|
Getting your Trinity Audio player ready...
|
Nigeria’s Super Eagles have one goal as they head to AFCON 2025 in Morocco — to bring the trophy home. After a narrow 2–1 defeat to hosts Côte d’Ivoire in the last final, new head coach Eric Chelle says this time, the mission is redemption.
A Coach with Fire and Focus
Speaking to CAFonline, Chelle — the former Mali international now leading Africa’s most followed national team — made his intentions clear:
“Of course we want to win it. Personally, I want to win AFCON… The players feel the same. Since March, we’ve played every match under pressure — and that pressure has prepared us.”
Since taking over earlier this year, Chelle has blended Nigeria’s trademark flair with tactical discipline, restoring belief in a side that has often come close but fallen short since its last AFCON title in 2013.
The Road to Redemption
Drawn in Group C alongside Tunisia, Uganda, and Tanzania, Nigeria faces one of the tournament’s toughest tests. But Chelle insists there are no small teams at AFCON:
“It’s a festival — every nation arrives with a real chance.

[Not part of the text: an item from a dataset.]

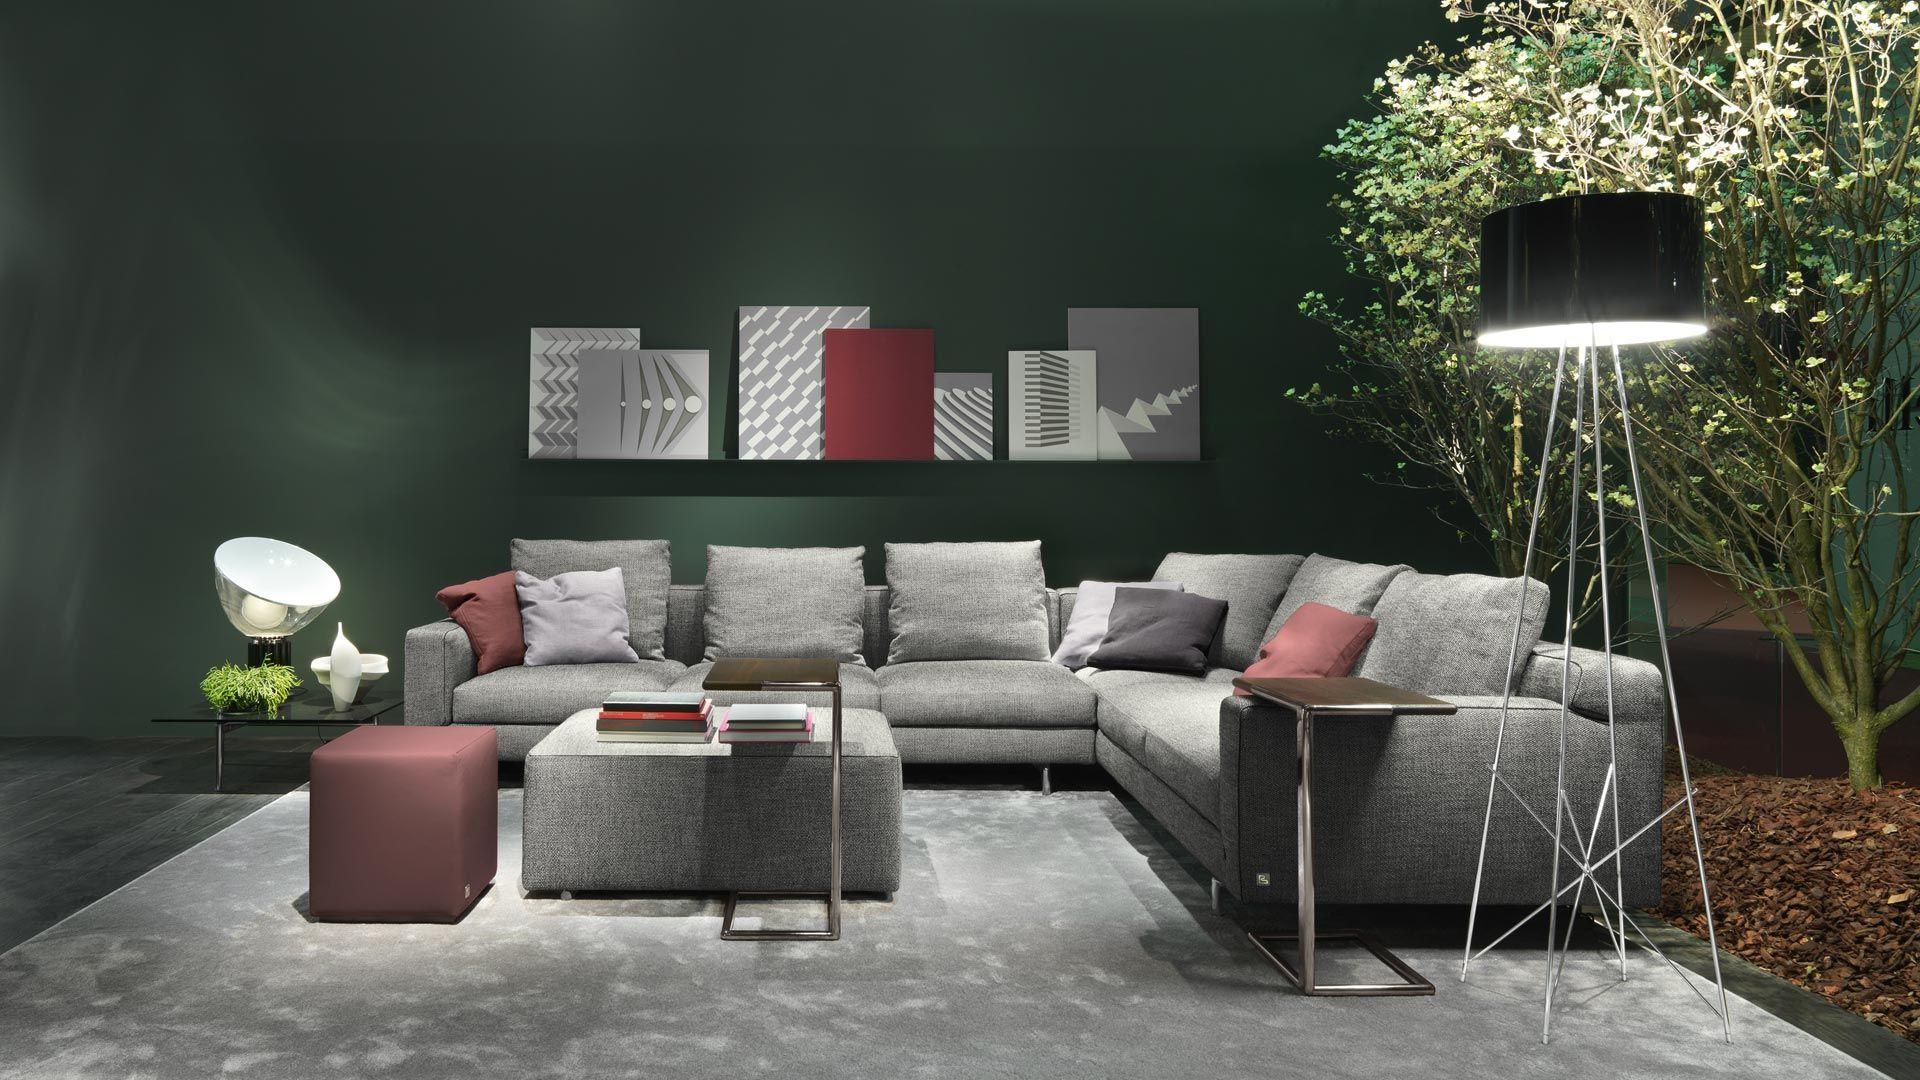 Titolo da inserire Furniture, Outdoor sectional sofa

Our strength is that our players have suffered, then found a way through. That can really hurt opponents.”
The Super Eagles will kick off their campaign on December 23 in Fez against Tanzania’s Taifa Stars — the first step in their quest for a fourth continental crown.
The Bigger Picture: Africa’s Football Renaissance
Beyond competition, AFCON 2025 represents more than medals. It’s a showcase of Africa’s tactical evolution, local coaching talent, and youth development.
Chelle’s rise — from Mali’s bench to Nigeria’s dugout — mirrors a broader continental shift: Africa trusting Africa.
With giants like Morocco, Tunisia, and Côte d’Ivoire entering in top form, this year’s tournament promises a clash not just of teams, but of identities. Every match is a statement about what African football has become — faster, smarter, and unapologetically ours.